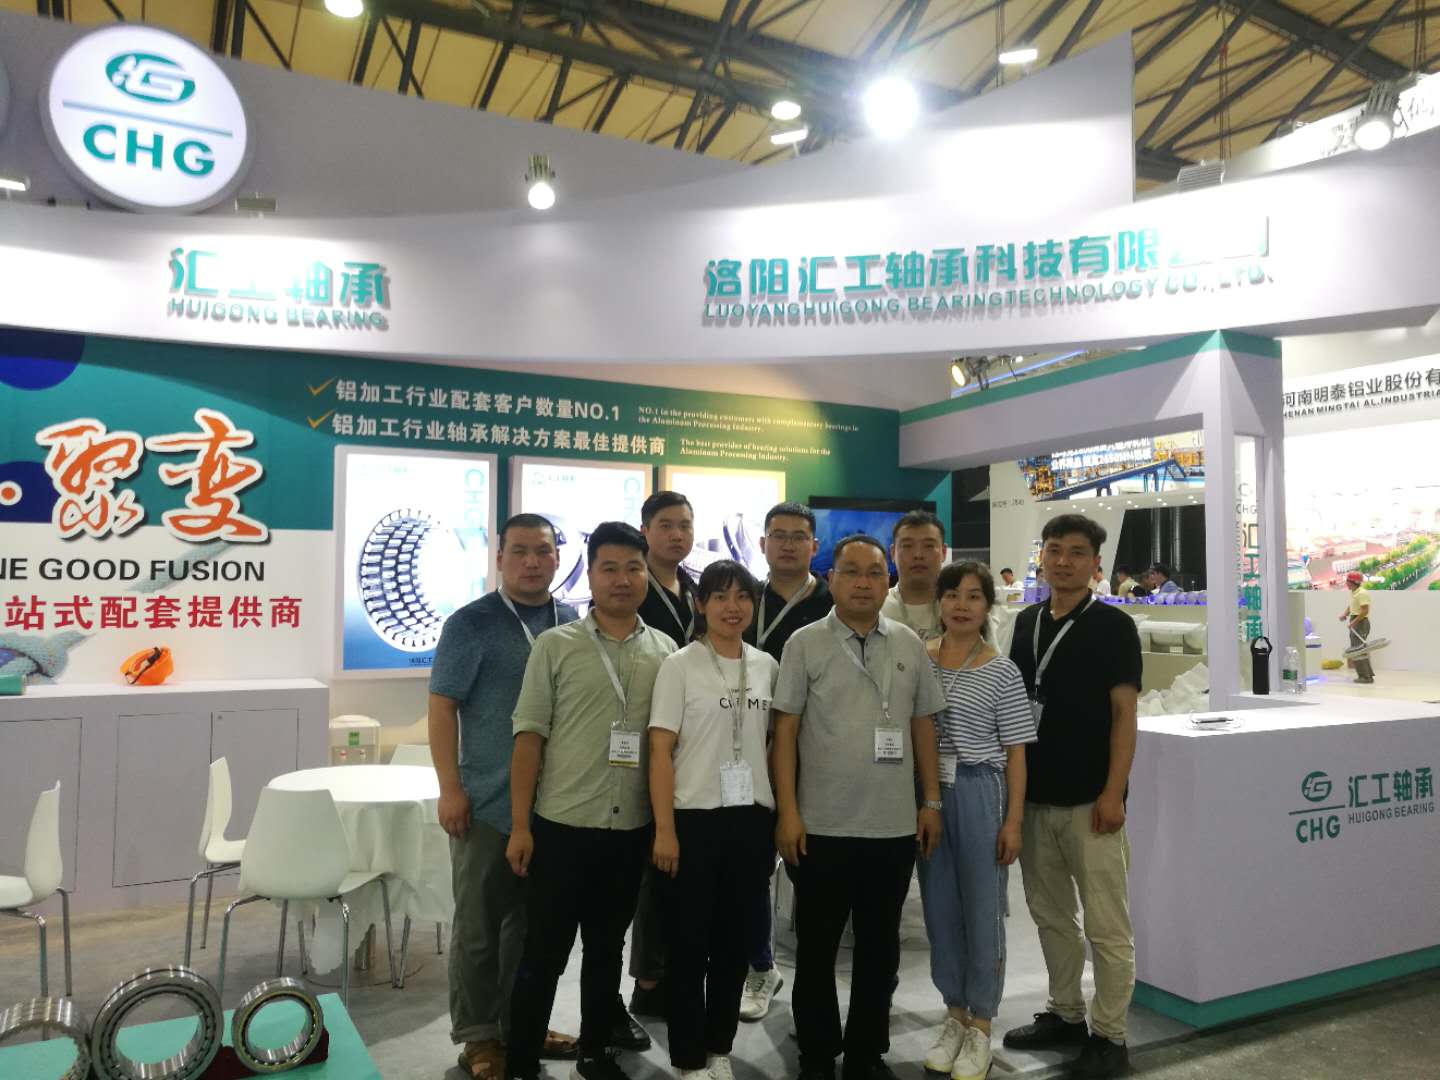 Luoyang Huigong Bearing manufacturer
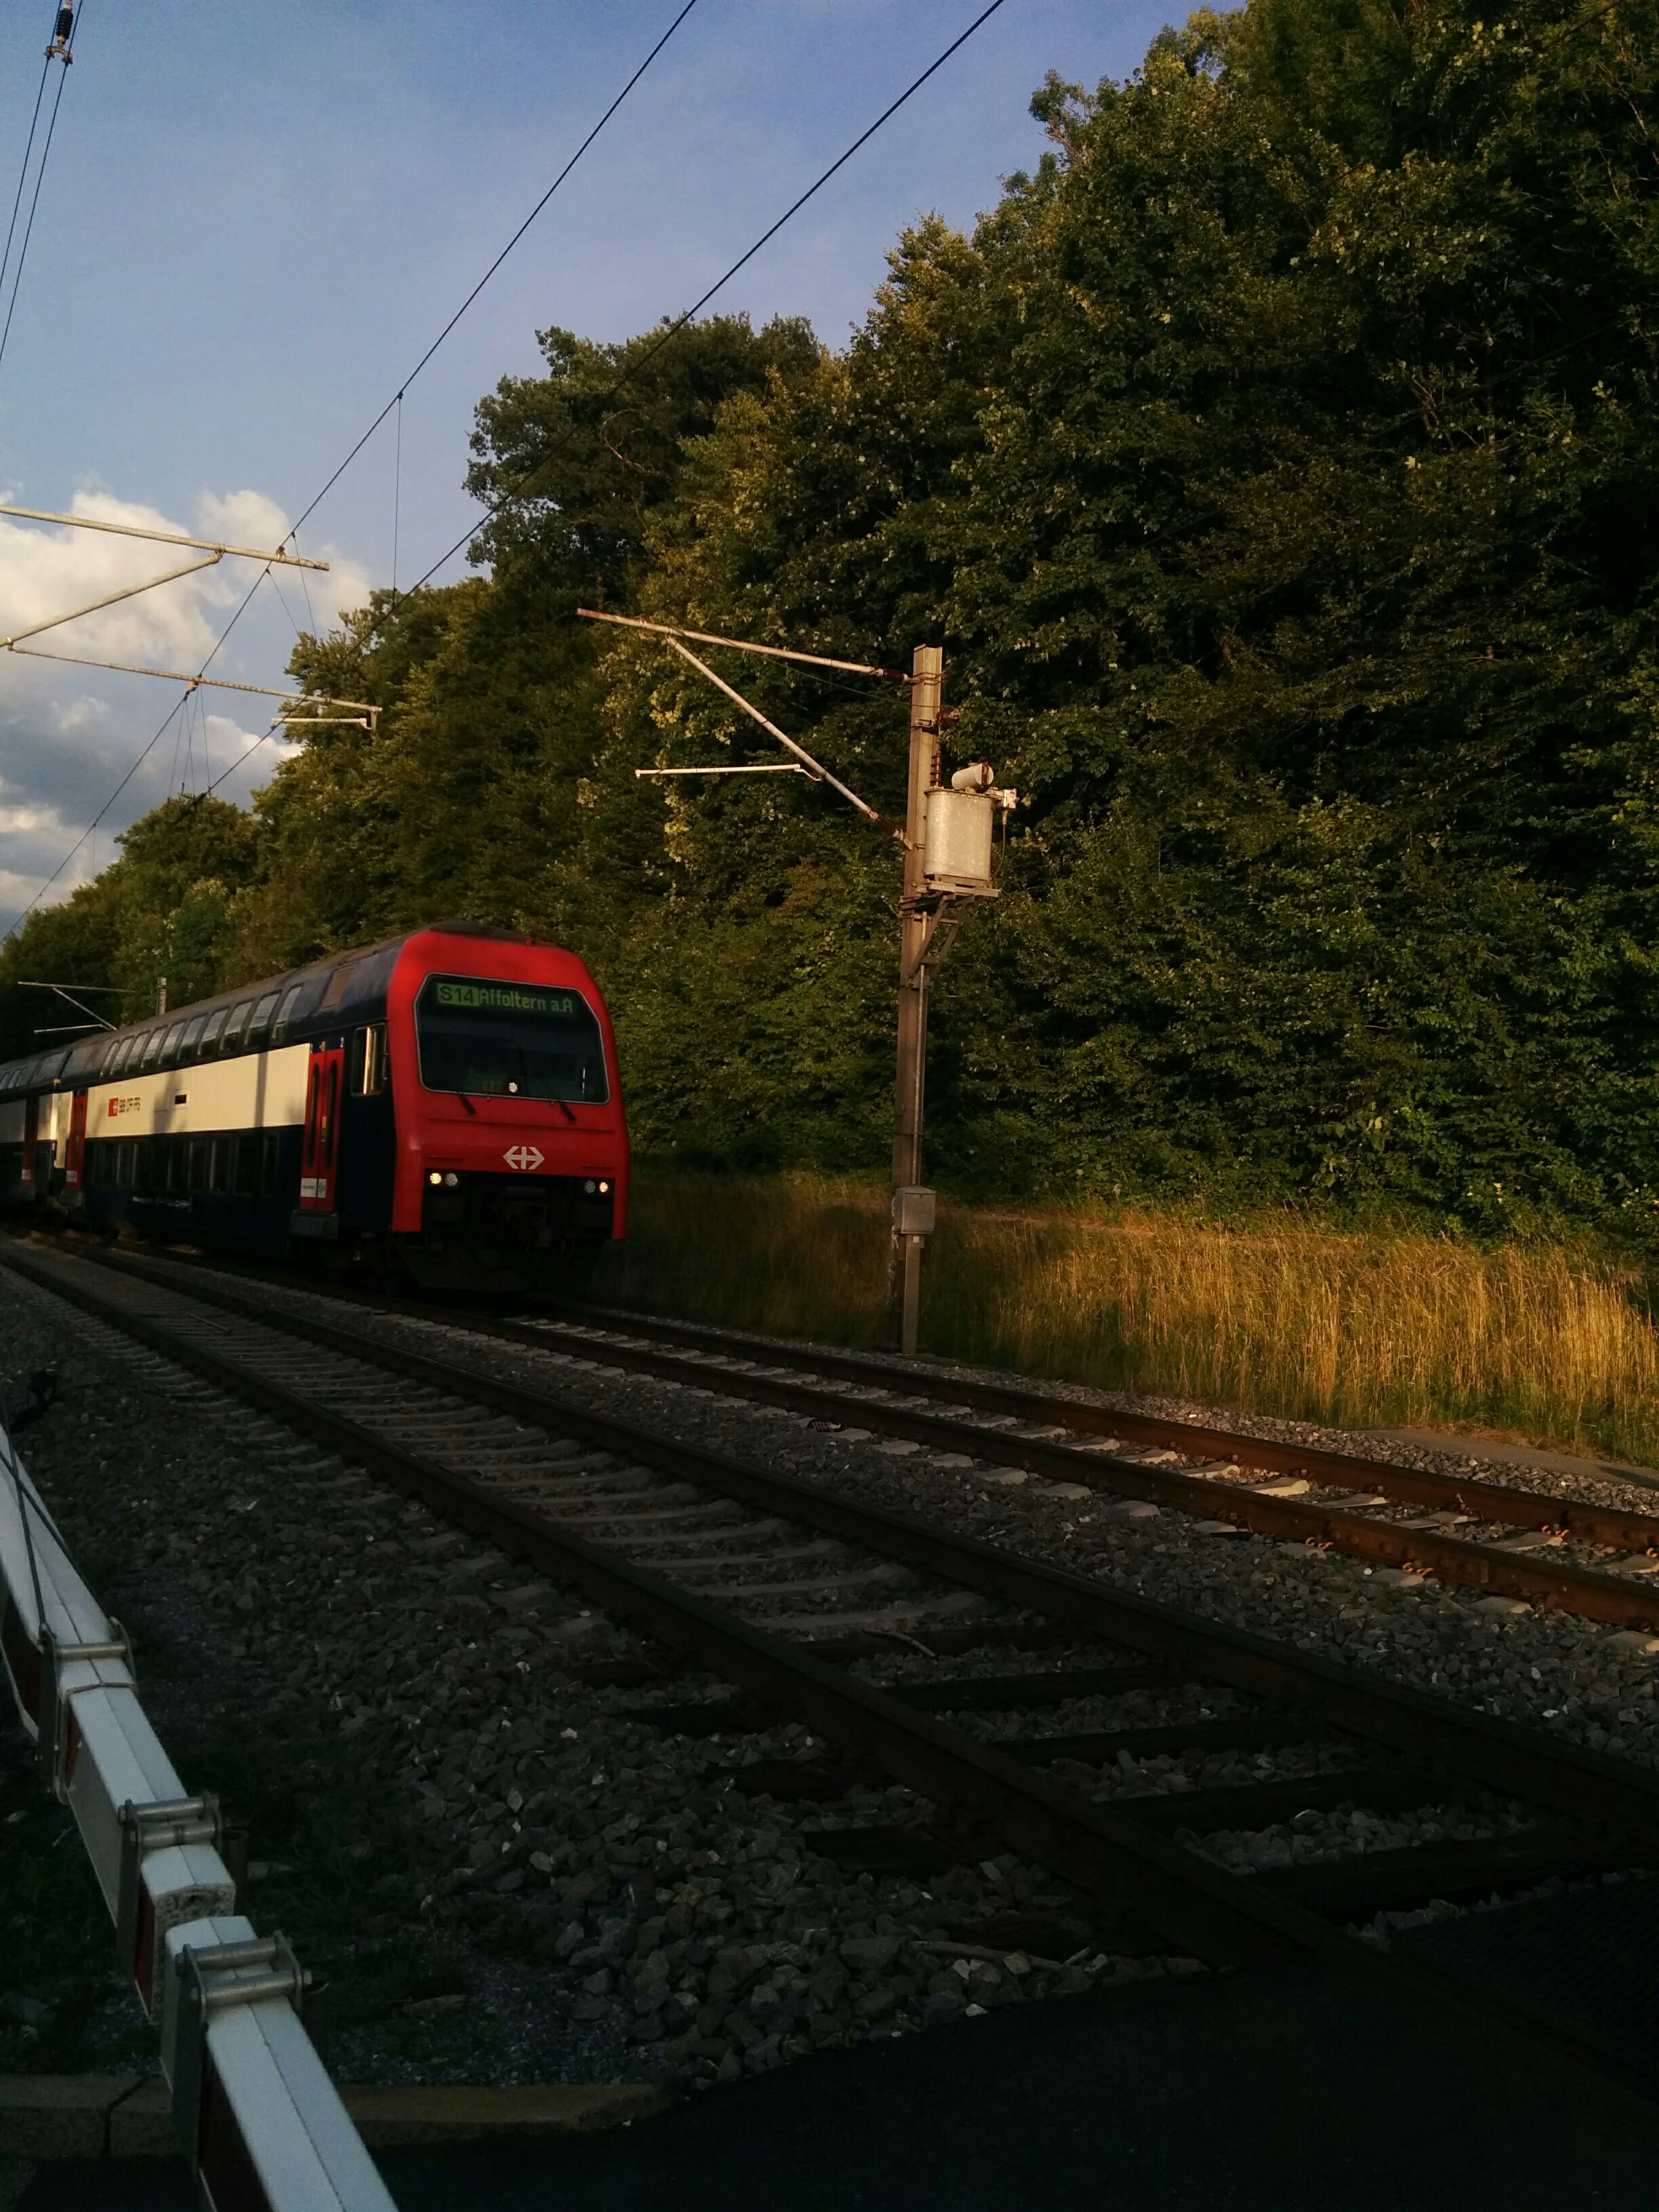 Classic Swiss train.
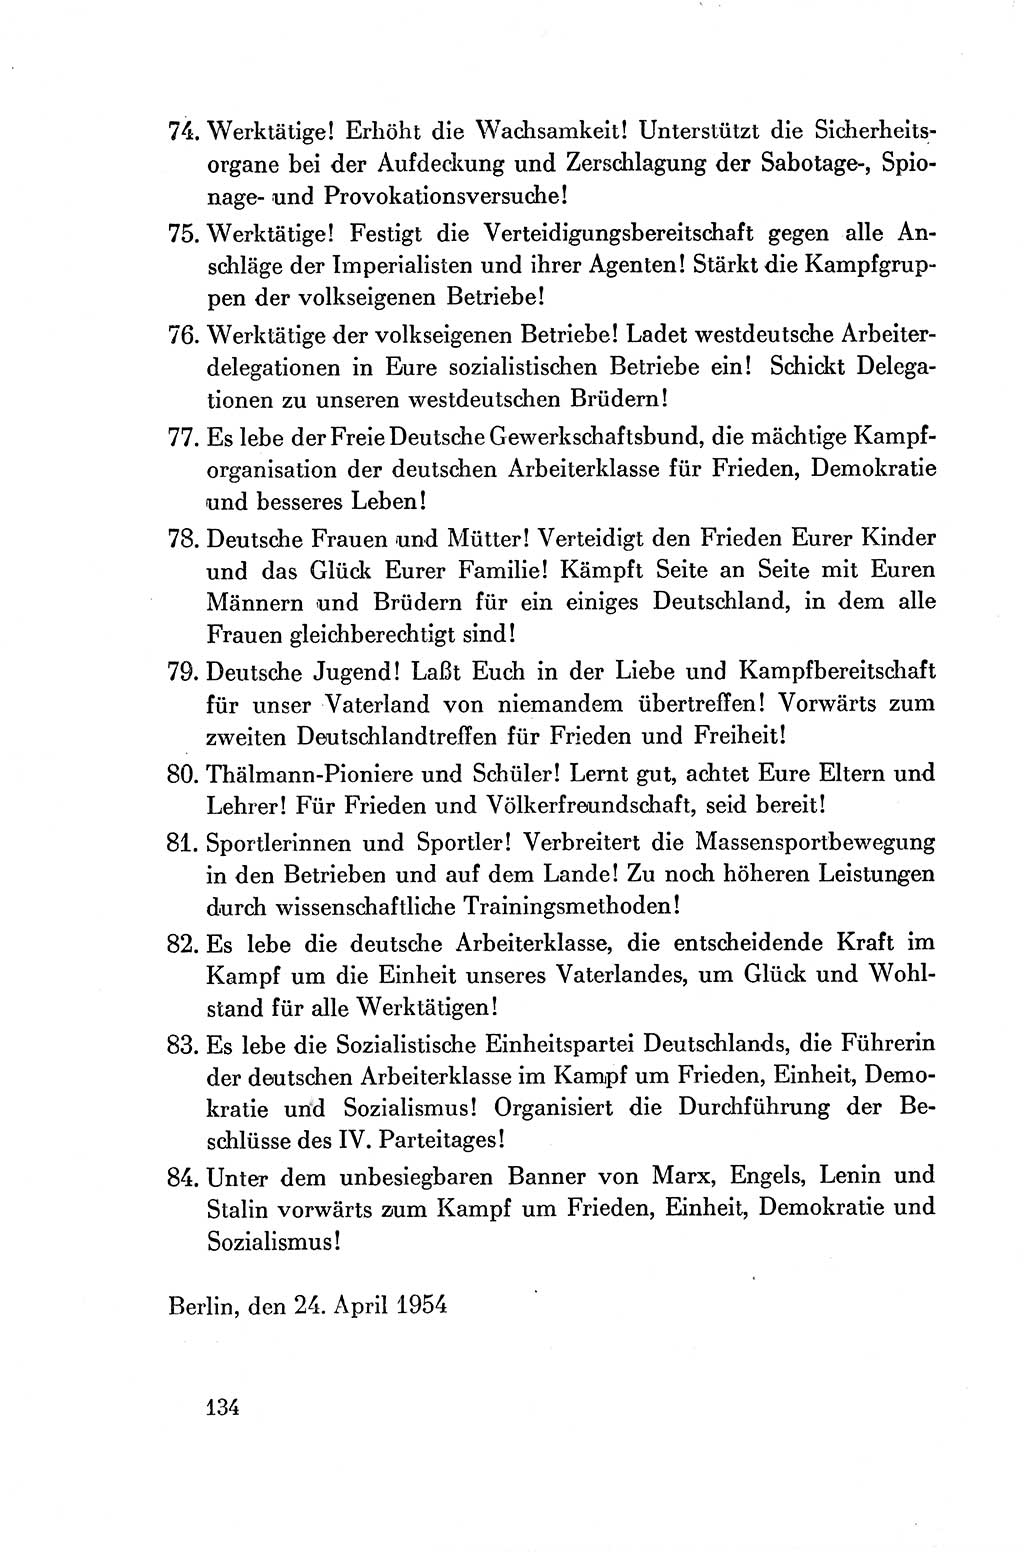 Dokumente der Sozialistischen Einheitspartei Deutschlands (SED) [Deutsche Demokratische Republik (DDR)] 1954-1955, Seite 134 (Dok. SED DDR 1954-1955, S. 134)
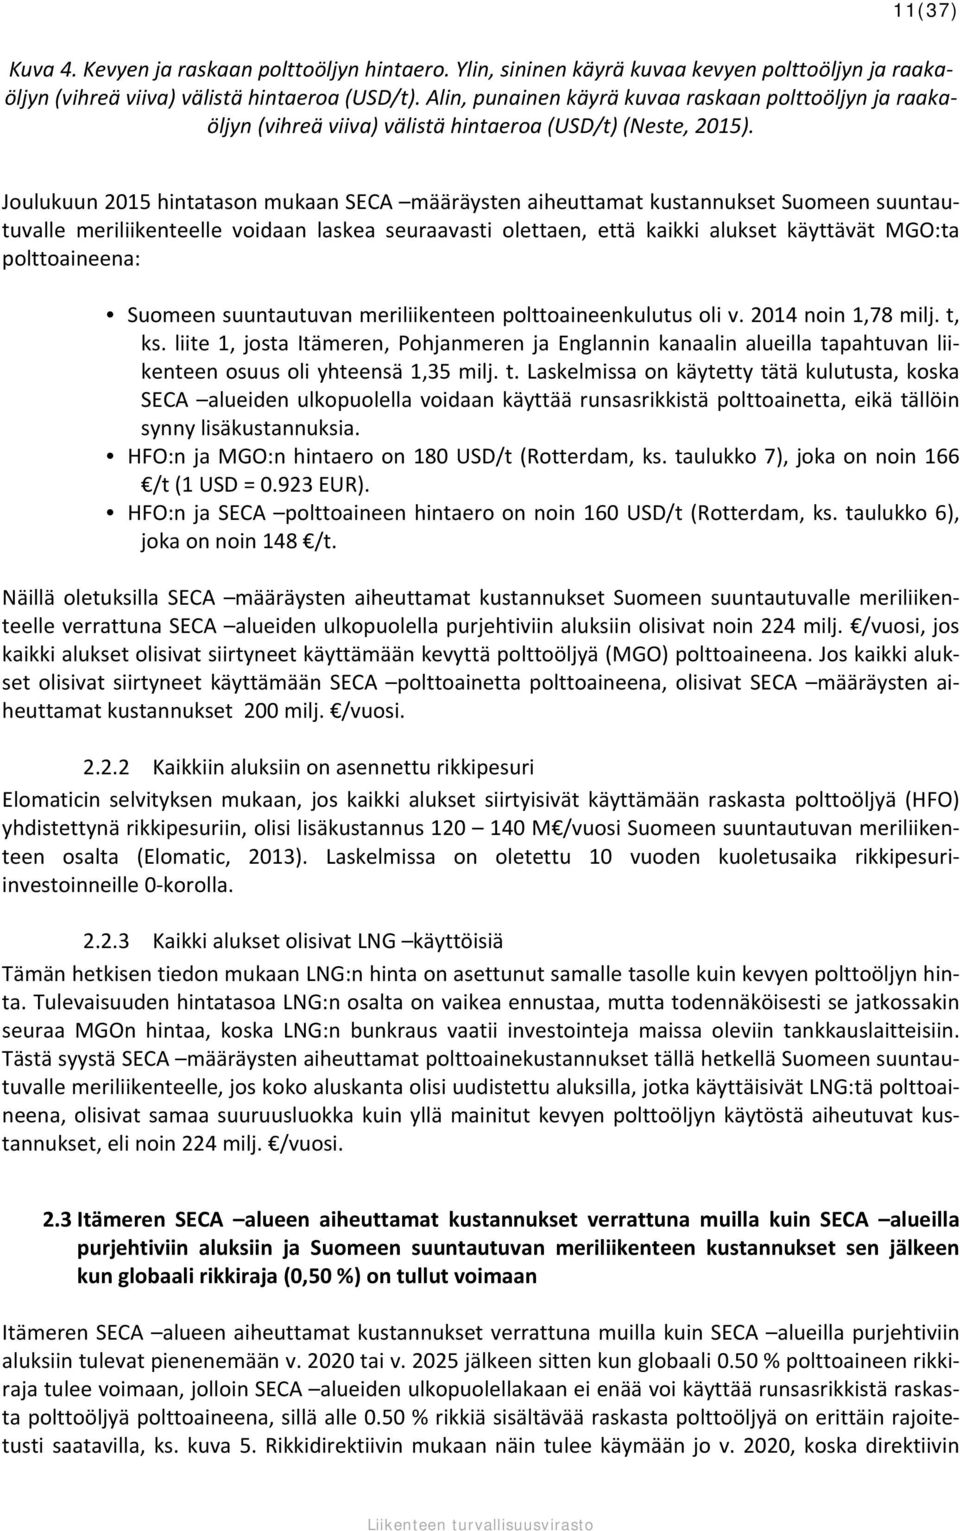 Joulukuun 2015 hintatason mukaan SECA määräysten aiheuttamat kustannukset Suomeen suuntautuvalle meriliikenteelle voidaan laskea seuraavasti olettaen, että kaikki alukset käyttävät MGO:ta

TASK TO CARRY OUT: Your reply should consist solely of the lines from the line containing "Classic Swiss train." through the last line of the listing, unchanged and free of pictures.

EXERCISE ANSWER:
 Classic Swiss train.
 Dokumente der Sozialistischen Einheitspartei Deutschlands (SED) [Deutsche Demokratische Republik (DDR)] 1954-1955, Seite 134 (Dok. SED DDR 1954-1955, S. 134)
 Joulukuun 2015 hintatason mukaan SECA määräysten aiheuttamat kustannukset Suomeen suuntautuvalle meriliikenteelle voidaan laskea seuraavasti olettaen, että kaikki alukset käyttävät MGO:ta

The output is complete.